We can remove duplicate code from our TestProject test suite by using web actions. Even though web actions make our life easier, they have a access to the entire DOM, and this can make our test code more complicated than it could be. This blog post describes how we can solve this problem by using web element actions.

After we have finished this blog post, we:

  • Know what a web element action is.
  • Understand when we should use web element actions.
  • Can write a custom web element action with TestProject.
  • Know how we can run our web element actions on a local development environment.
  • Can configure the root element of our web element action when we upload our addon to the app.testproject.io website.

Let’s begin.

This blog post is the tenth part of my TestProject tutorial that is sponsored by TestProject.io. However, the views and opinions expressed in this tutorial are mine.

This blog post assumes that:

By the way, you might want to read the other parts of my TestProject tutorial.

What Is a Web Element Action?

A web element action is an action whose scope is limited to the child elements of the specified root element. In other words, a web element action should process only the child elements of the configured root element.

If you must violate the scope of a web element action (you must access the whole DOM), you can get a WebDriver object by invoking the getDriver() method of the WebAddonHelper class.

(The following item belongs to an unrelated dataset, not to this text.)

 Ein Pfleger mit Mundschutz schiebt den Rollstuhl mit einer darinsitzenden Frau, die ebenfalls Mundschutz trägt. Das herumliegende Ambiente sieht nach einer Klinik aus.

For example, let’s assume that we want to create a web element action that supports the Kendo UI grid. When we create this web element action, we have to:

  • Identify the root element of the Kendo UI grid.
  • Implement our web element action.
  • Configure the element type which allows the TestProject framework to locate the root element of the Kendo UI grid. An element type identifies the root element by using an XPath expression and multiple web element actions can share the same element type. This means that:
    • If we want to write multiple web element actions which support the Kendo UI grid (or any other component), our web element actions have less code because we don’t have to write the code which locates the root element of the target component.
    • We can make our tests a lot simpler by leveraging the web element actions found from the TestProject Addon store. These addons save us a lot of time when we are dealing with complex UIs because the TestProject framework locates the required components for us and the web element actions allow us to interact with the found components. In other words, we can write (or record) our tests without digging into the complex DOM.

When we run our web element action, the TestProject framework locates the root element of the Kendo UI grid and defines the scope of the invoked web element action by passing the root element to the action.

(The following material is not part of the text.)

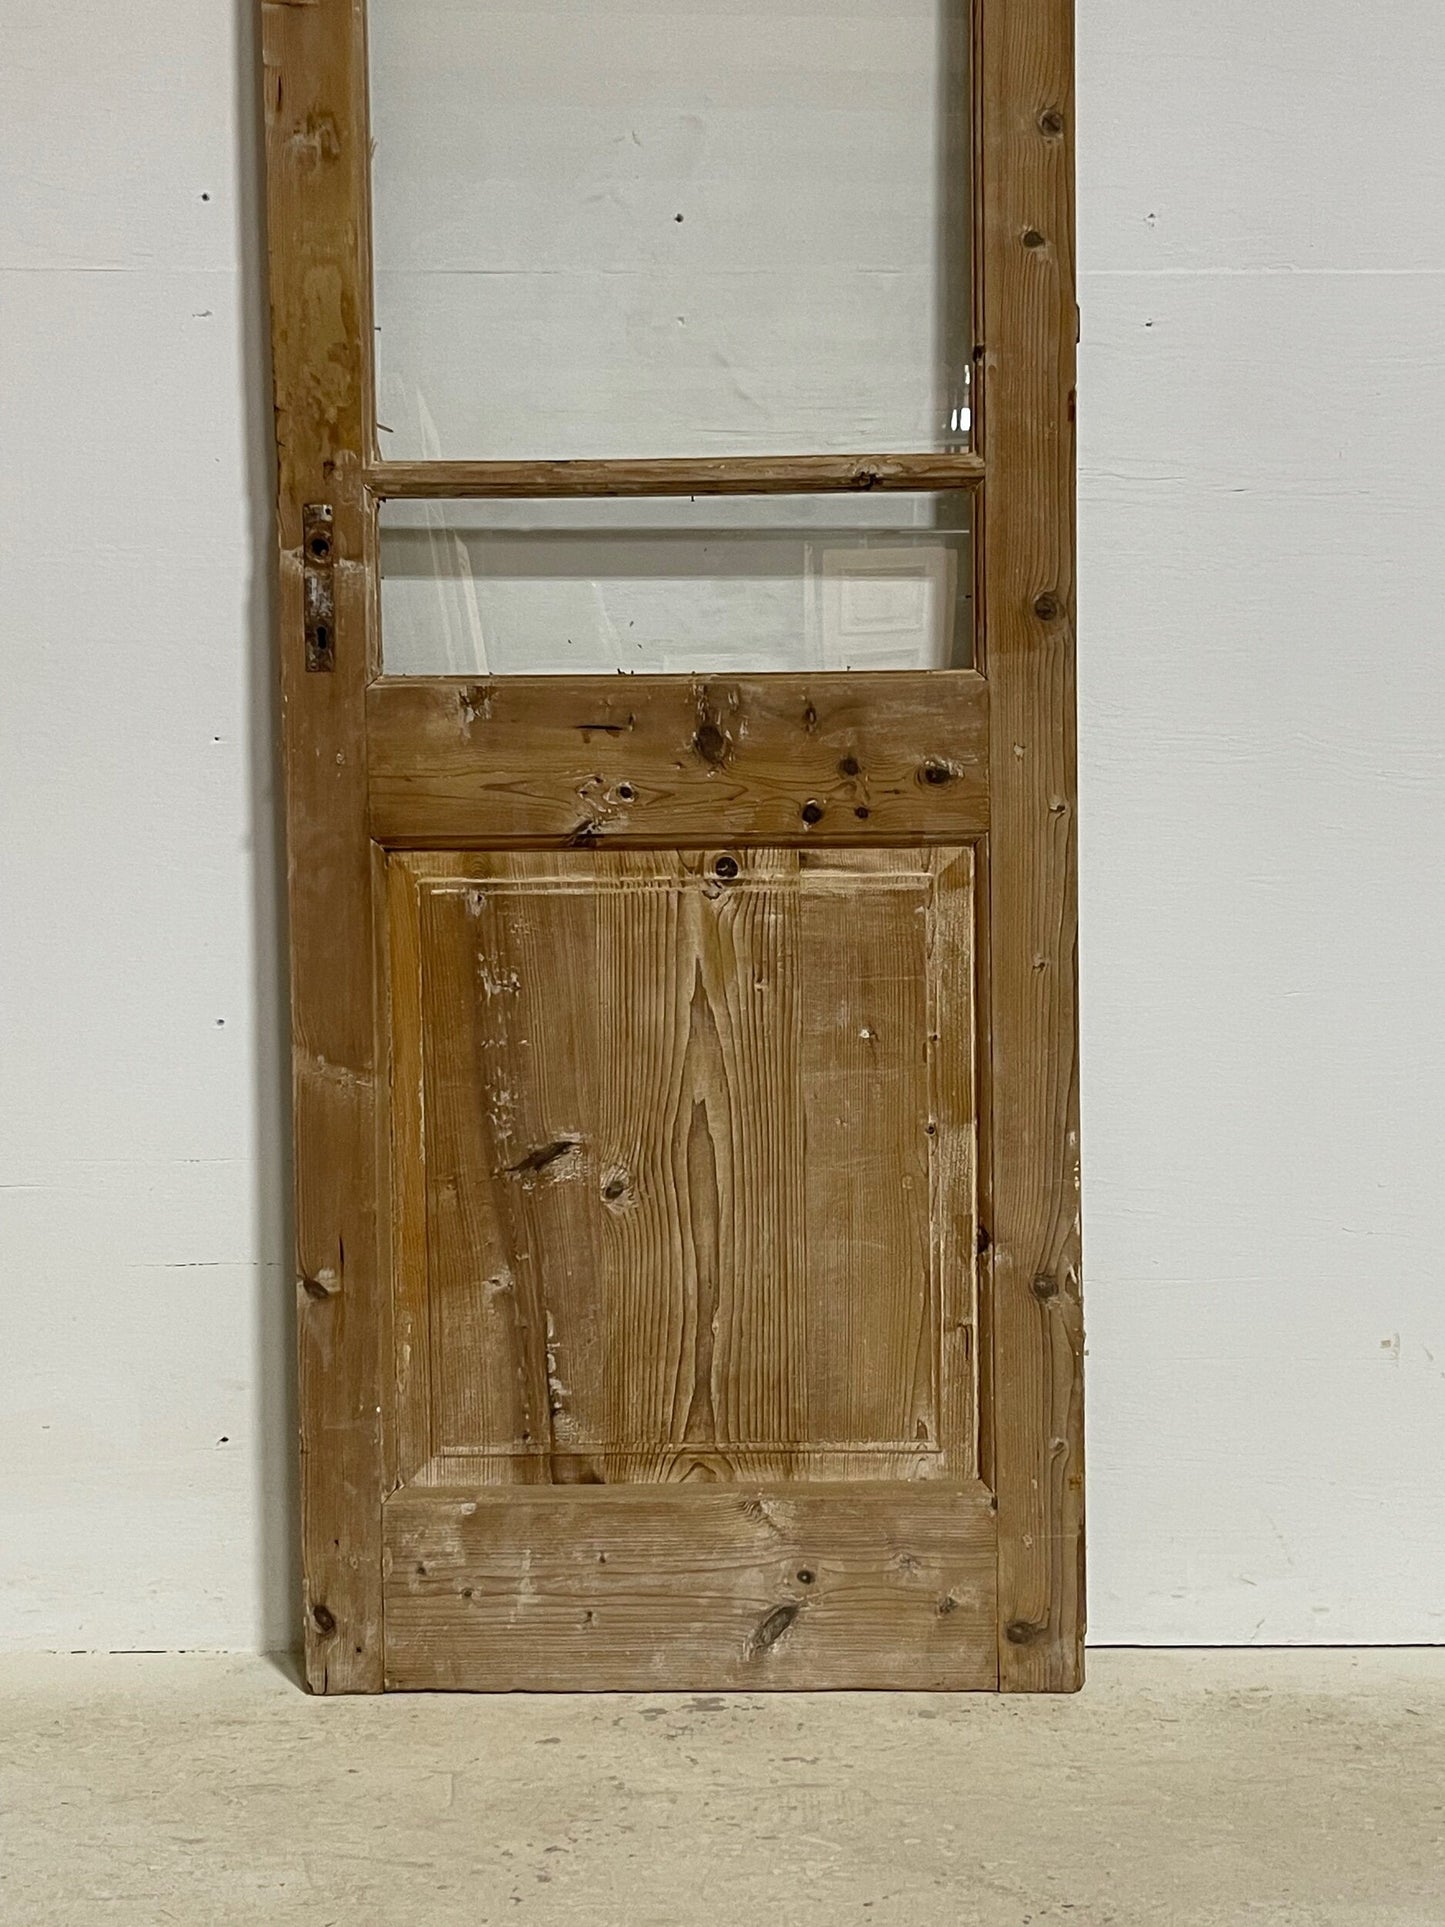 Antique French panel door (87.5x26.5) G1419s

The following figure illustrates the scope of our web element action:

The benefit of this technique is that our web element action doesn’t have to know anything about the structure of the displayed HTML document. This means that we can write simple web element actions which have only one purpose: perform an operation X to the component Y or extract information from the component Y. These actions are easy to read, write, and maintain.

A web element action is an extremely useful tool when we have to write tests for a web application that has components which are shared by multiple views. For example, if our web application uses a component library such as Kendo UI or Material-UI, we should use web element actions in our TestProject tests.

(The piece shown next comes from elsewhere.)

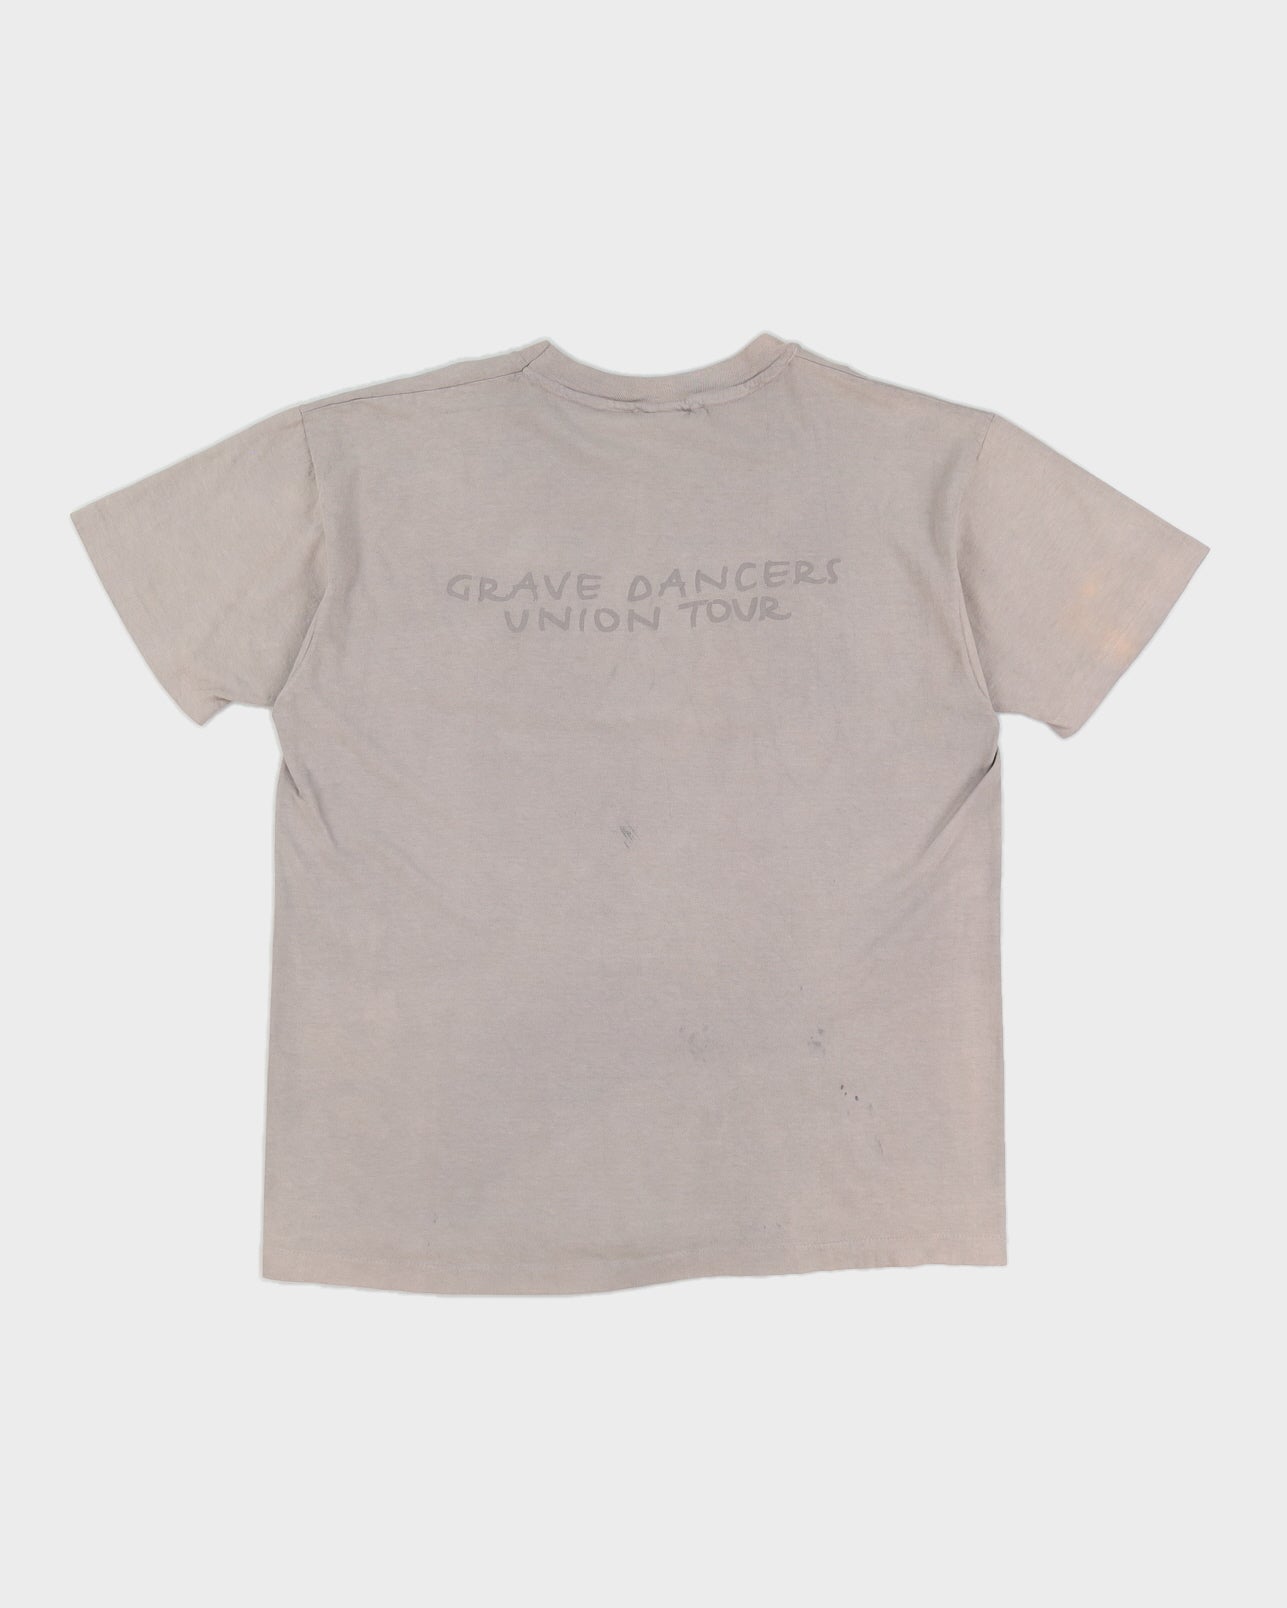 '92 Soul Asylum Grave Dancers Union Tour T-Shirt - XL

Next, we will find out how we can implement a reporter helper class.

Implementing a Reporter Helper Class

As we remember, we should always report the result of our action by using the ActionReporter class. When we want to report the result of our action, we have to invoke the result() method of the ActionReporter class. This method takes a String object as a method parameter.

In other words, if we want to use dynamic result messages, we have to construct these messages in our action class before we report the result of our action. This adds unnecessary clutter to our action classes.

That’s why we have to write a helper class which allows us to use dynamic result messages when we report the result of our action. We can write this class by following these steps:

First, we have to create a new ActionReportHelper class. After we have created this class, its source code looks as follows:

public class ActionReportHelper {

}

Second, we have to add a private and final ActionReporter field to the ActionReportHelper class and ensure that the value of this field is provided by using constructor injection. After we have added this field to the ActionReportHelper class, its source code looks as follows:

import io.testproject.java.sdk.v2.reporters.ActionReporter;

public class ActionReportHelper {

    private final ActionReporter reporter;

    public ActionReportHelper(ActionReporter reporter) {
        this.reporter = reporter;
    }
}

Third, we have to write a method which allows us to report result messages to TestProject framework by using the format that’s supported by the String.format() method. After we have written this method, the source code of the ActionReportHelper class looks as follows:

import io.testproject.java.sdk.v2.reporters.ActionReporter;

public class ActionReportHelper {

    private final ActionReporter reporter;

    public ActionReportHelper(ActionReporter reporter) {
        this.reporter = reporter;
    }
    
    public void reportResult(String resultTemplate, Object... params) {
        reporter.result(String.format(resultTemplate, params));
    }
}

We can now send dynamic result messages to TestProject framework without adding any clutter to our action classes. Let’s move on and implement a custom web element action.

Implementing a Custom Web Element Action

Let’s write a custom web element action which extracts the total number of items shown on a Kendo UI grid. The following figure identifies the extracted information:

We can write our web element action by following these steps:

First, we have to create a new action class which implements the WebElementAction interface. After we have created a new action class, its source code looks as follows:

import io.testproject.java.annotations.v2.Action;
import io.testproject.java.sdk.v2.addons.WebElementAction;

@Action(name = "Extracts the total item count of a Kendo UI grid")
public class KendoUIGridTotalItemCountAction implements WebElementAction {
    
}

Second, we have to add an output parameter called: totalItemCount to our action class. This parameter contains the total number of items shown on the Kendo UI grid. After we have added a new output parameter to our action class, the source code of our action class looks as follows:

import io.testproject.java.annotations.v2.Action;
import io.testproject.java.annotations.v2.Parameter;
import io.testproject.java.enums.ParameterDirection;
import io.testproject.java.sdk.v2.addons.WebElementAction;

@Action(name = "Extracts the total item count of a Kendo UI grid")
public class KendoUIGridTotalItemCountAction implements WebElementAction {

    @Parameter(description = "Contains the total item count of a Kendo UI grid",
            direction = ParameterDirection.OUTPUT
    )
    private int totalItemCount;
}

Third, we have to override the execute() method of the WebElementAction interface. This method returns an ExecutionResult enum and it has two method parameters:

  • The WebAddonHelper object allows us to access the TestProject API when we implement the execute() method.
  • The WebElement object is the root element of our web element action. In our case, this object is the root element of the Kendo UI grid.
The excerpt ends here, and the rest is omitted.